Работа с удовольствием

— В налоговой инспекции есть какая-то идеология личного карьерного роста? Понятие карьеры налоговика есть?

— К сожалению, нет. Букаев (Геннадий Букаев — один из бывших министров МНС. — «Конкурент») пытался выстроить принцип корпоративности. Пытался показать людям перспективы роста. Он с Минфином договаривался о выделении кредитов на строительство жилья. Но на этом всё и закончилось.

— Выходит, что особой мотивации, кроме некоей абстрактной идеи работы на государство, для налогового инспектора нет?

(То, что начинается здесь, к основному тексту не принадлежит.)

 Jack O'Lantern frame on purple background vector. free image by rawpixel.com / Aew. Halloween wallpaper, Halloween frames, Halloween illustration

— Идея, идея (он повторяет это слово несколько раз, и каждый — с новым эмоциональным оттенком. Как будто пробует его на вкус. Пять, может, шесть раз. Пока слово не начинает вязнуть на зубах). Никакой идеи нет. Нам хотелось бы видеть достойную отдачу, чтобы государство так же заботилось о людях, которые работают на него.

— Получается с ваших слов, что налоговики не получают достойного вознаграждения за свою работу. Они фактически изымают у людей их честно заработанные деньги. Работа тяжелейшая. Что их здесь держит? Что держит вас лично?

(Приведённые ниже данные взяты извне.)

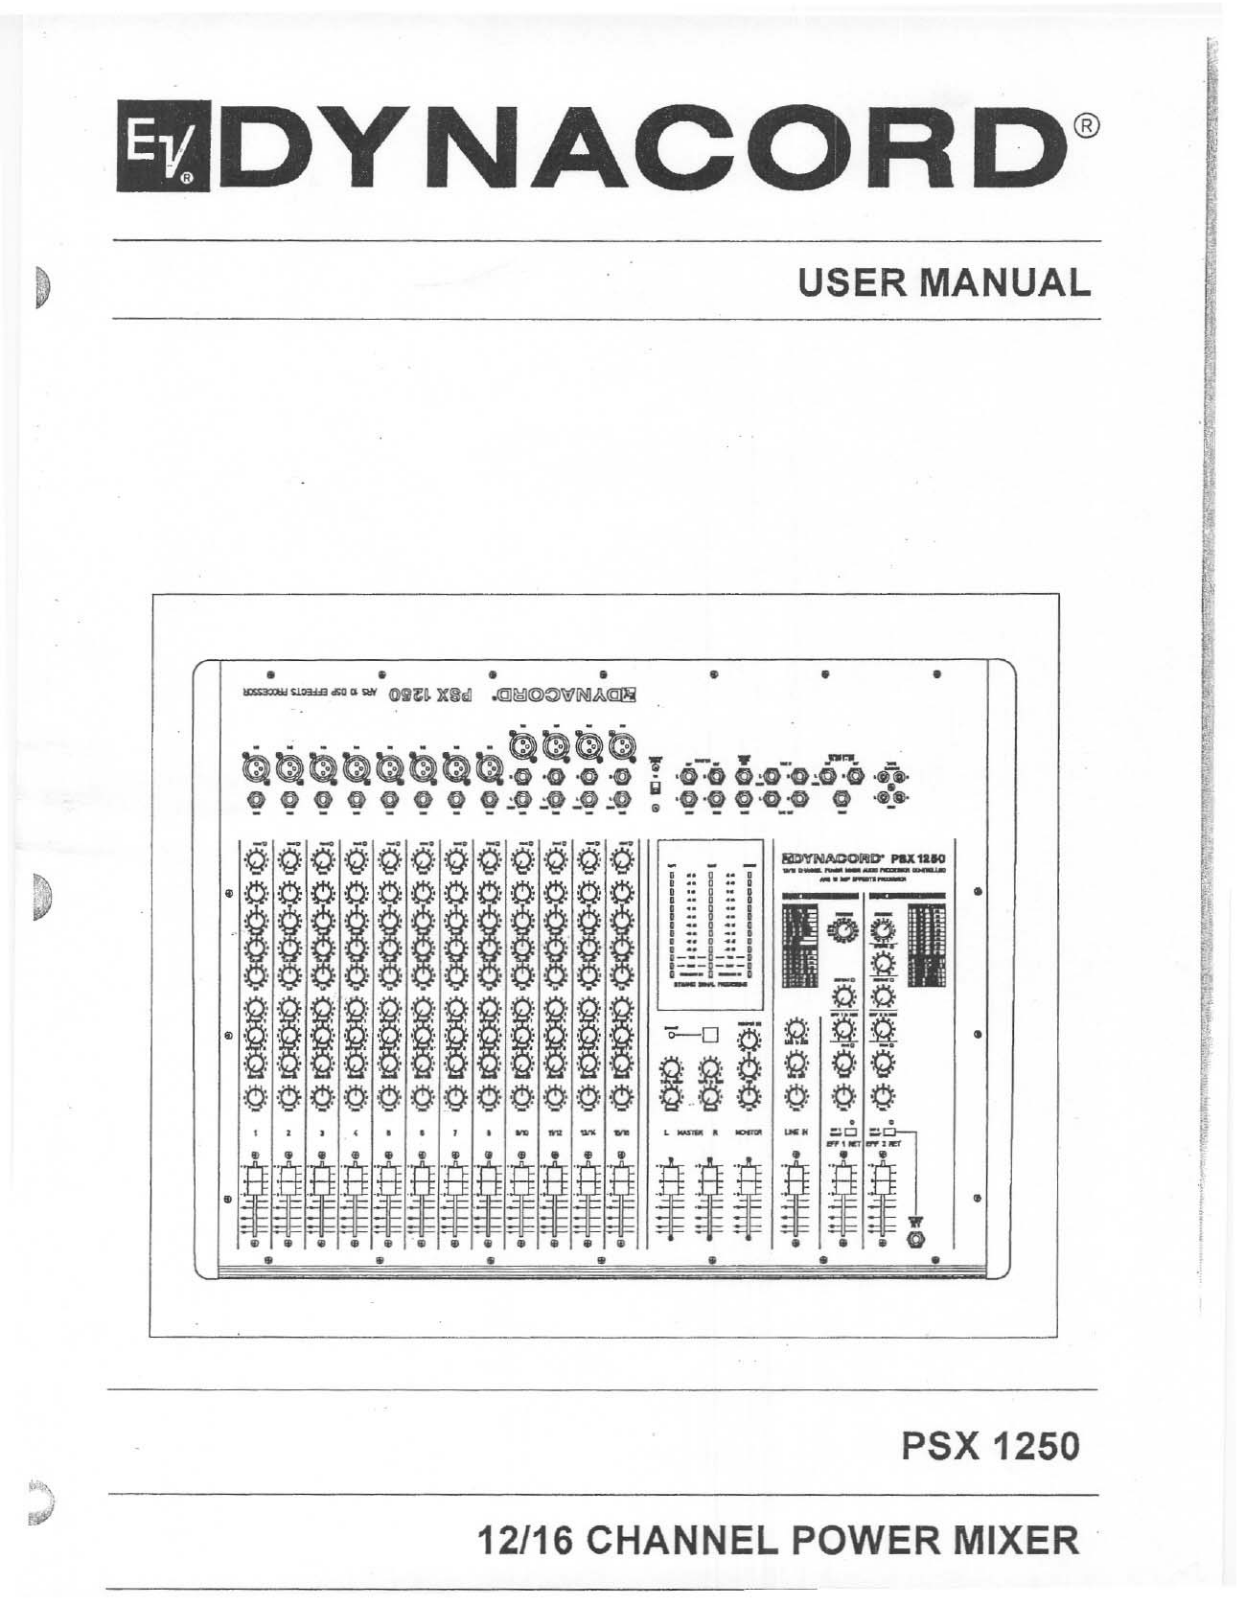 Dynacord PSX 1250 User Manual

— Вы не поверите, я сам в последнее время часто задаю себе этот вопрос. Может, всё тот же стереотип мышления? Я никогда не работал ни на кого, кроме как на государство. Это уже на уровне подсознания. Кроме того, работая в нашей системе, имеешь уникальную возможность обладать информацией. С её помощью можно решать многие вопросы и проблемы.

— А зачем вам информация? Это власть?

— Налоговая служба — это исполнительный орган административной власти. Действительно, обладая информацией, ты обладаешь и властью.

— Властью над людьми?

— Нет. Властью над профессией. Но обладание информацией затягивает. Человек получает другой слой знаний. Не официальный, а… «подстрочный». Мы получаем информацию, чтобы пополнять бюджет. Наша задача — собрать информацию, правильно её использовать и собрать деньги для государства. Это мы и делаем. По сути, каждый инспектор, приходя с проверки, приносит информацию. У нас есть даже база данных на каждого бизнесмена, на каждого кандидата в депутаты. У нас есть огромный объём информации, которой не обладают правоохранительные органы.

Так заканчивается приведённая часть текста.